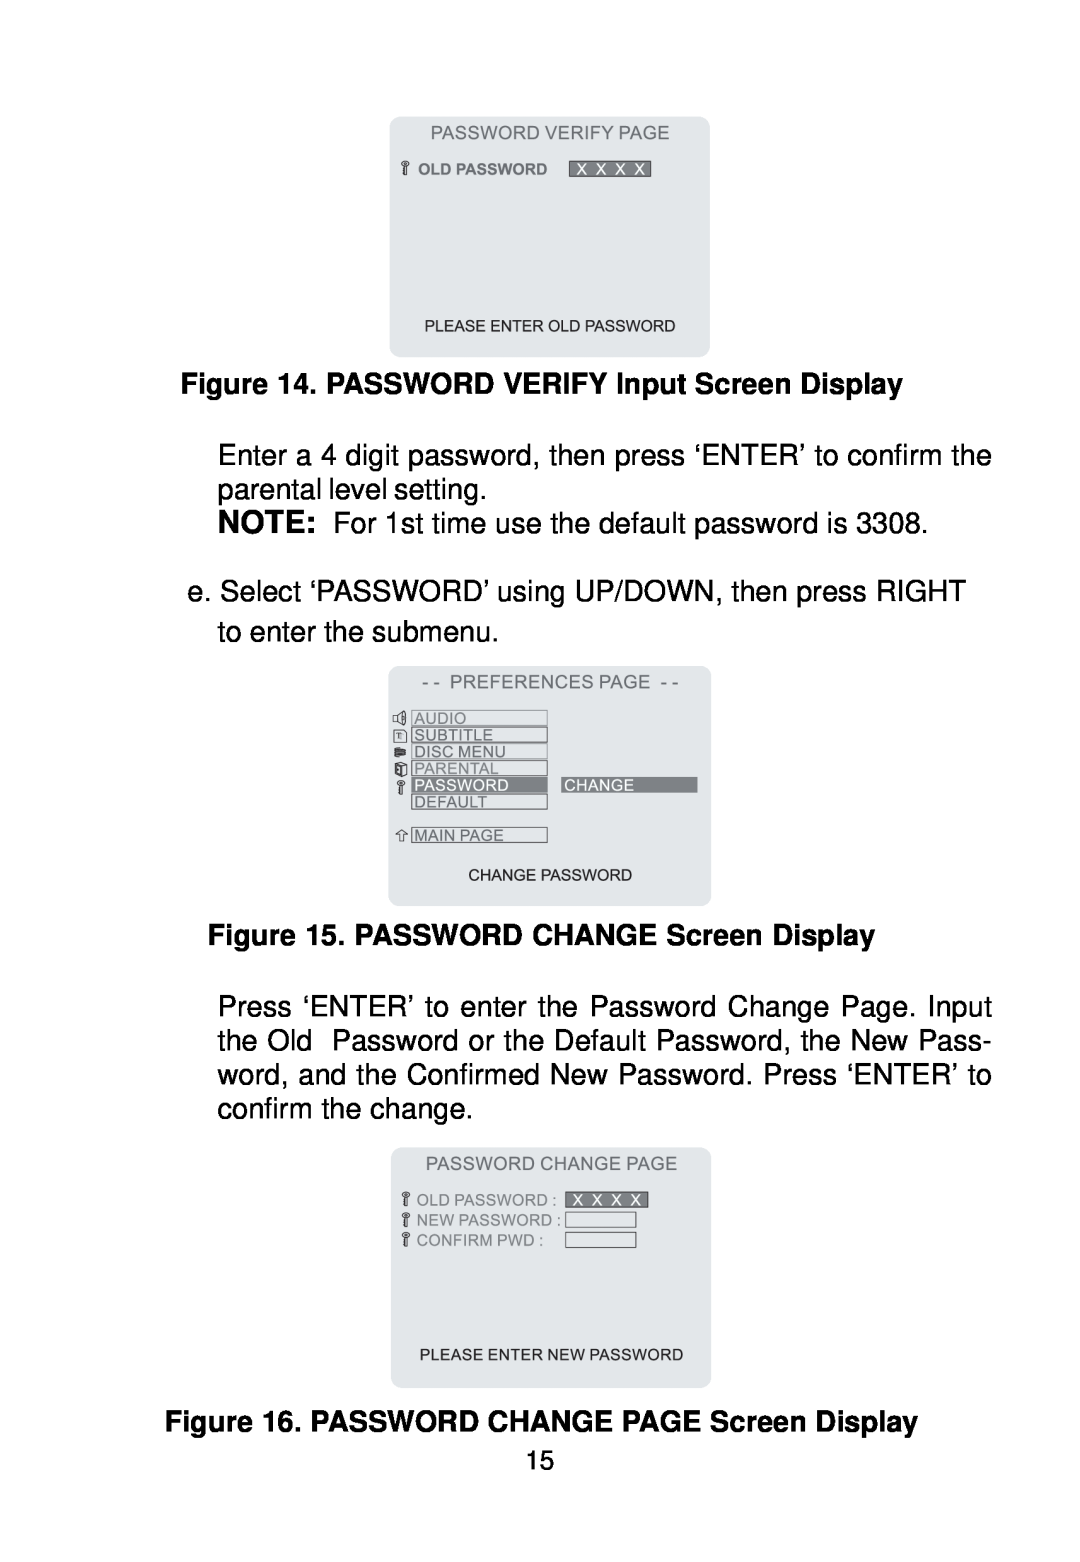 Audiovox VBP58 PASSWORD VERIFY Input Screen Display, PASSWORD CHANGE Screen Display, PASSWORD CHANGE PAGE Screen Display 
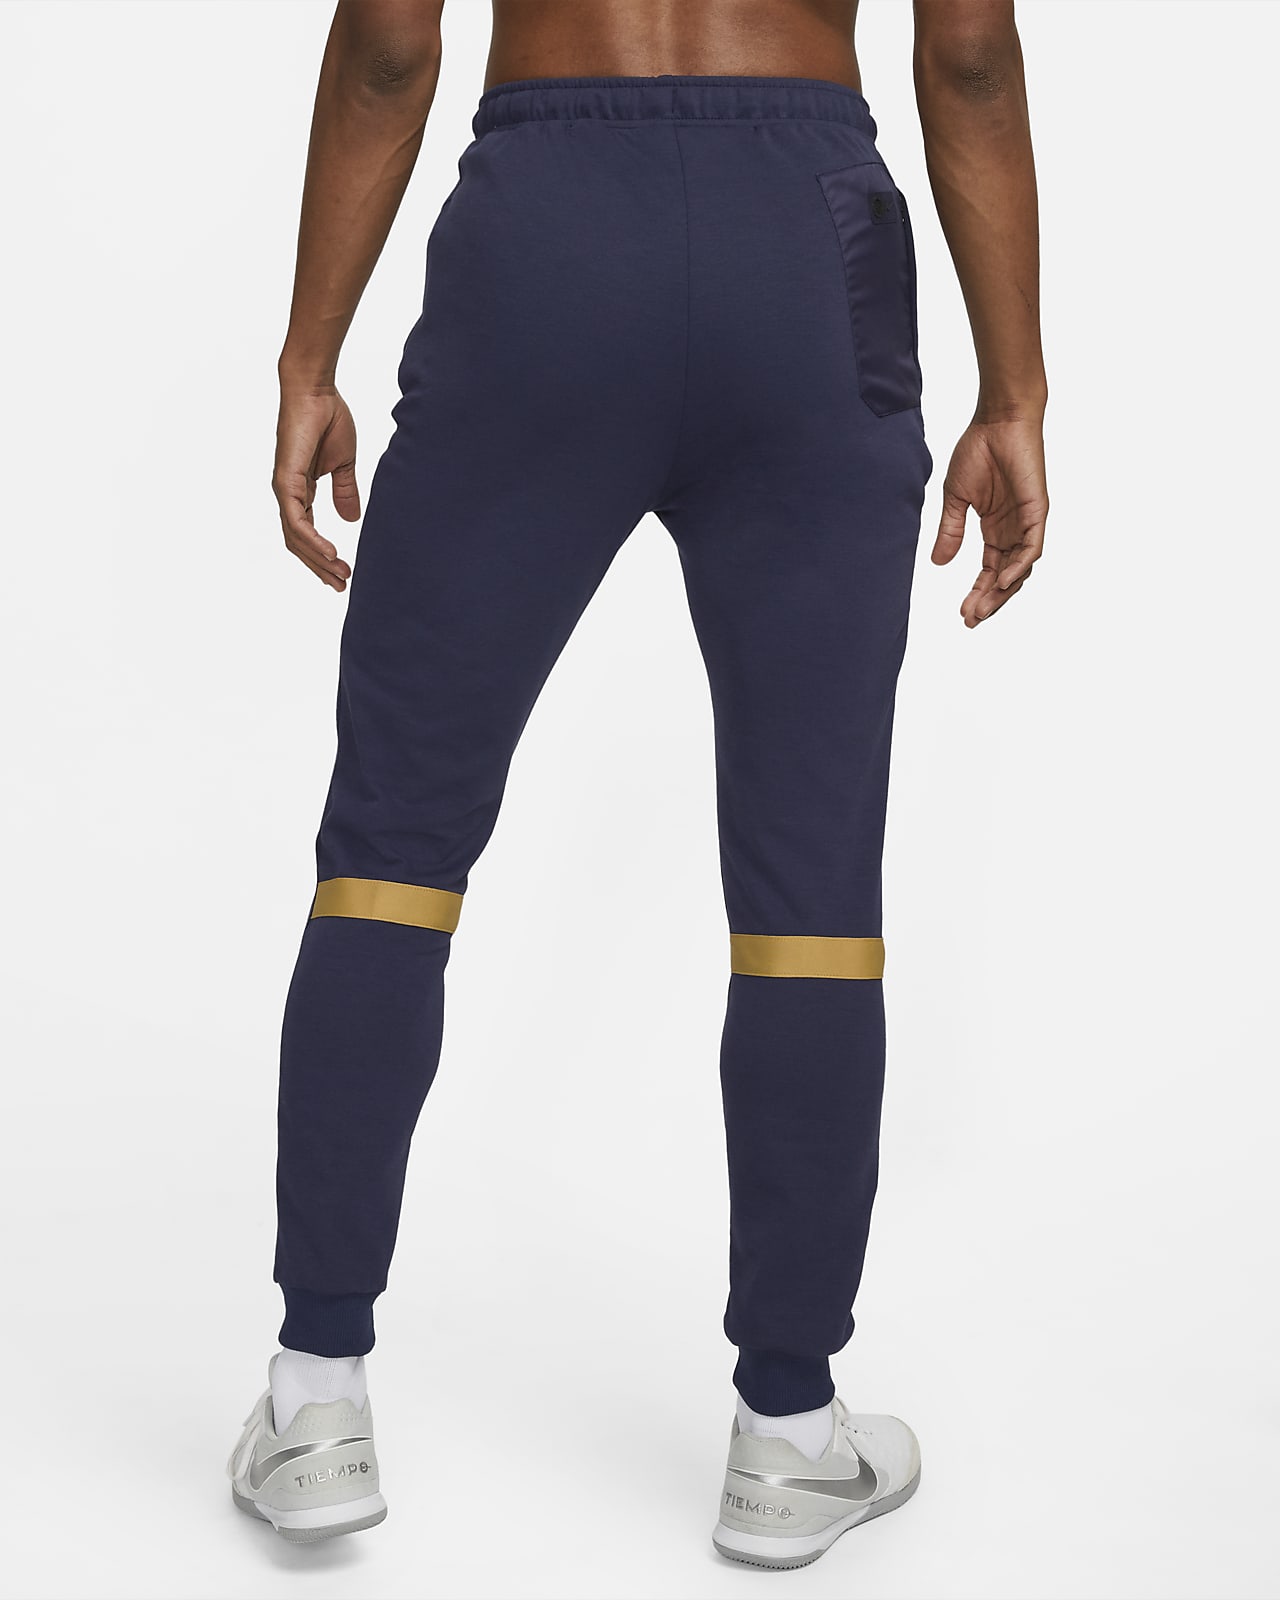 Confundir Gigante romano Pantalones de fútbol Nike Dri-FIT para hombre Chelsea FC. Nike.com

┄┄┄┄┄┄

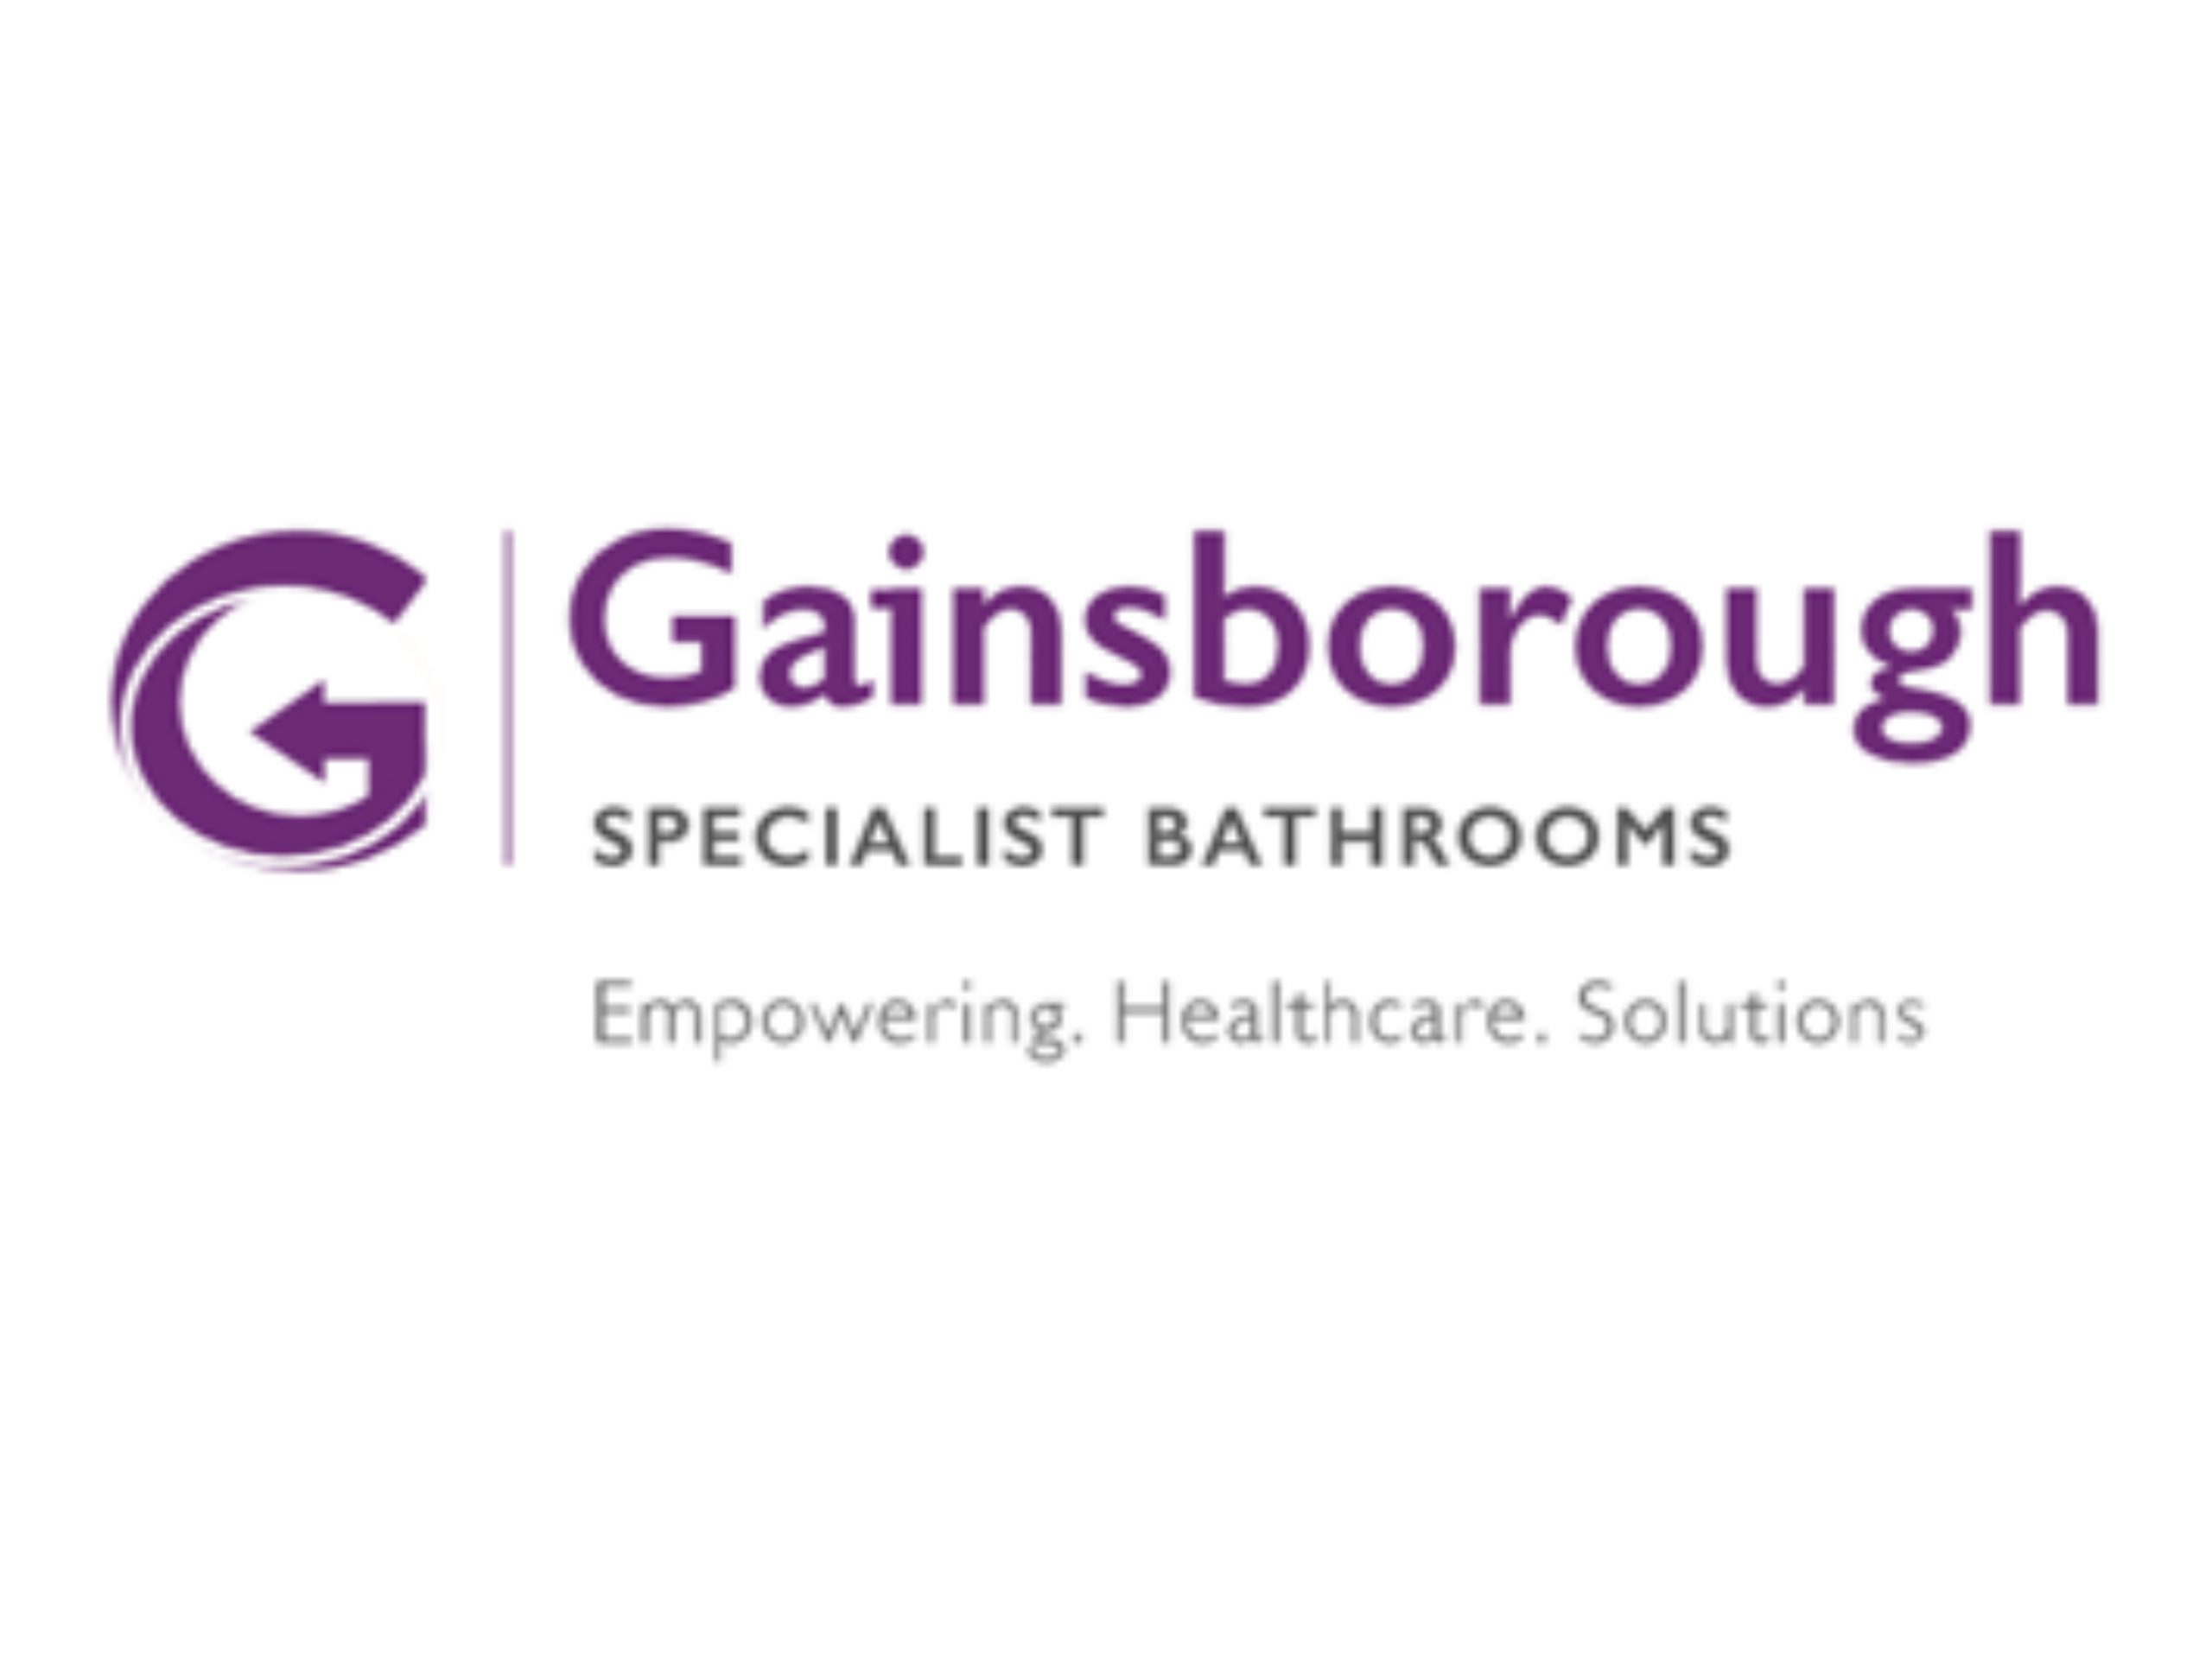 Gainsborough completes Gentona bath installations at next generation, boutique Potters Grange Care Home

┄┄┄┄┄┄

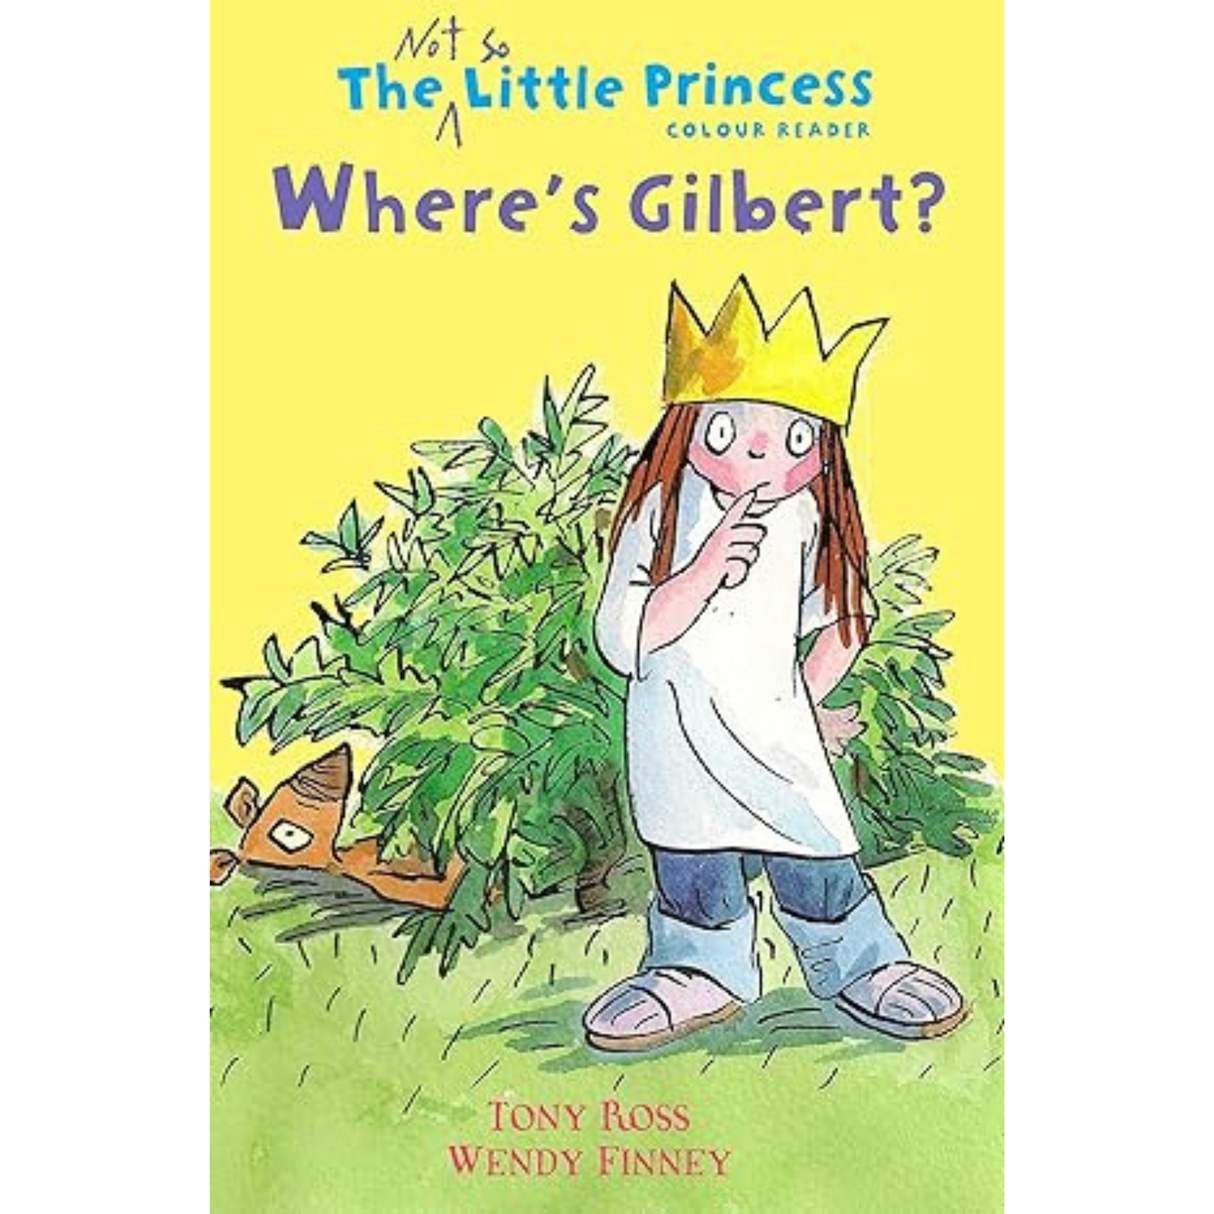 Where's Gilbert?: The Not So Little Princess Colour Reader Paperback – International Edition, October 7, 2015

┄┄┄┄┄┄

-- EXERCISE REQUIREMENTS --
With pictures omitted, repeat the entries above word for word from the line holding "Audiovox VBP58 PASSWORD" down to the line holding "Confundir Gigante romano", keeping both of those lines.

-- ANSWER SECTION --
 Audiovox VBP58 PASSWORD VERIFY Input Screen Display, PASSWORD CHANGE Screen Display, PASSWORD CHANGE PAGE Screen Display 
 Confundir Gigante romano Pantalones de fútbol Nike Dri-FIT para hombre Chelsea FC. Nike.com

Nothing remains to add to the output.